Here are a couple walnut first attempts.
the third attempt was purple-heart and it came apart on me.
Next time Ill try some veneer.


----------



## H. A. S. (Sep 23, 2010)

Capneddie makes it easy without any expensive chucks or tools:

http://www.youtube.com/user/capneddie#p/u/2/0xY7ad0y8Rk


----------



## timetoturn (Mar 22, 2013)

*Wood rings? Yes please!!*

Wow those rings are beautiful! I can't wait to try one (although I have a feeling this will take me a few tries... I'm still pretty new to turning and I feel like this is a bit of an advanced project?). 
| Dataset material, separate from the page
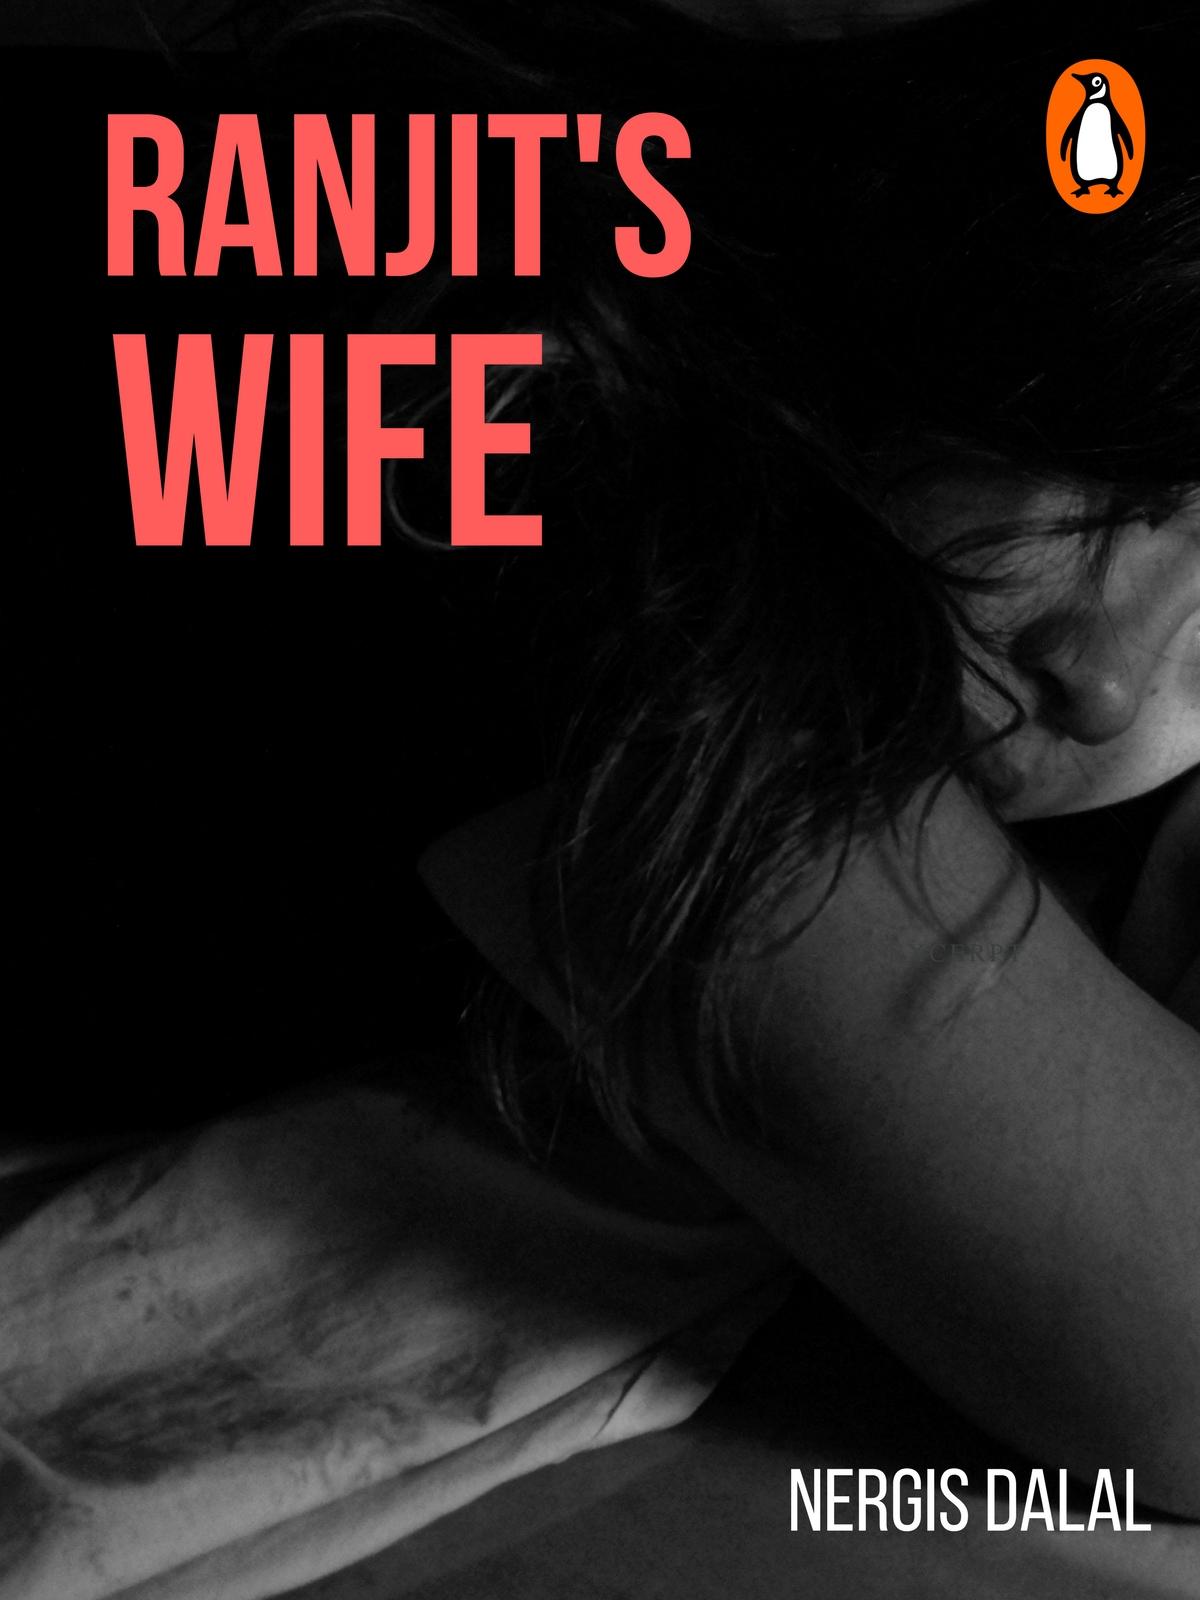 Ranjit's Wife

I also found this place that actually sells metal ring bases that you can make wood inlays for: 

http://www.renewablerings.com

I was thinking my husband might like the look of those.


----------



## Tommie Hockett (Aug 26, 2012)

timetoturn said:


> Wow those rings are beautiful! I can't wait to try one (although I have a feeling this will take me a few tries... I'm still pretty new to turning and I feel like this is a bit of an advanced project?).
> 
> I also found this place that actually sells metal ring bases that you can make wood inlays for:
> 
> ...


the only problem is that those metal ring bases only come in size seven and ten


----------



## BassBlaster (Nov 21, 2010)

Bangle guy is getting ready to offer ring cores similar to his bangle cores. They are sweet and should be good sellers!!


----------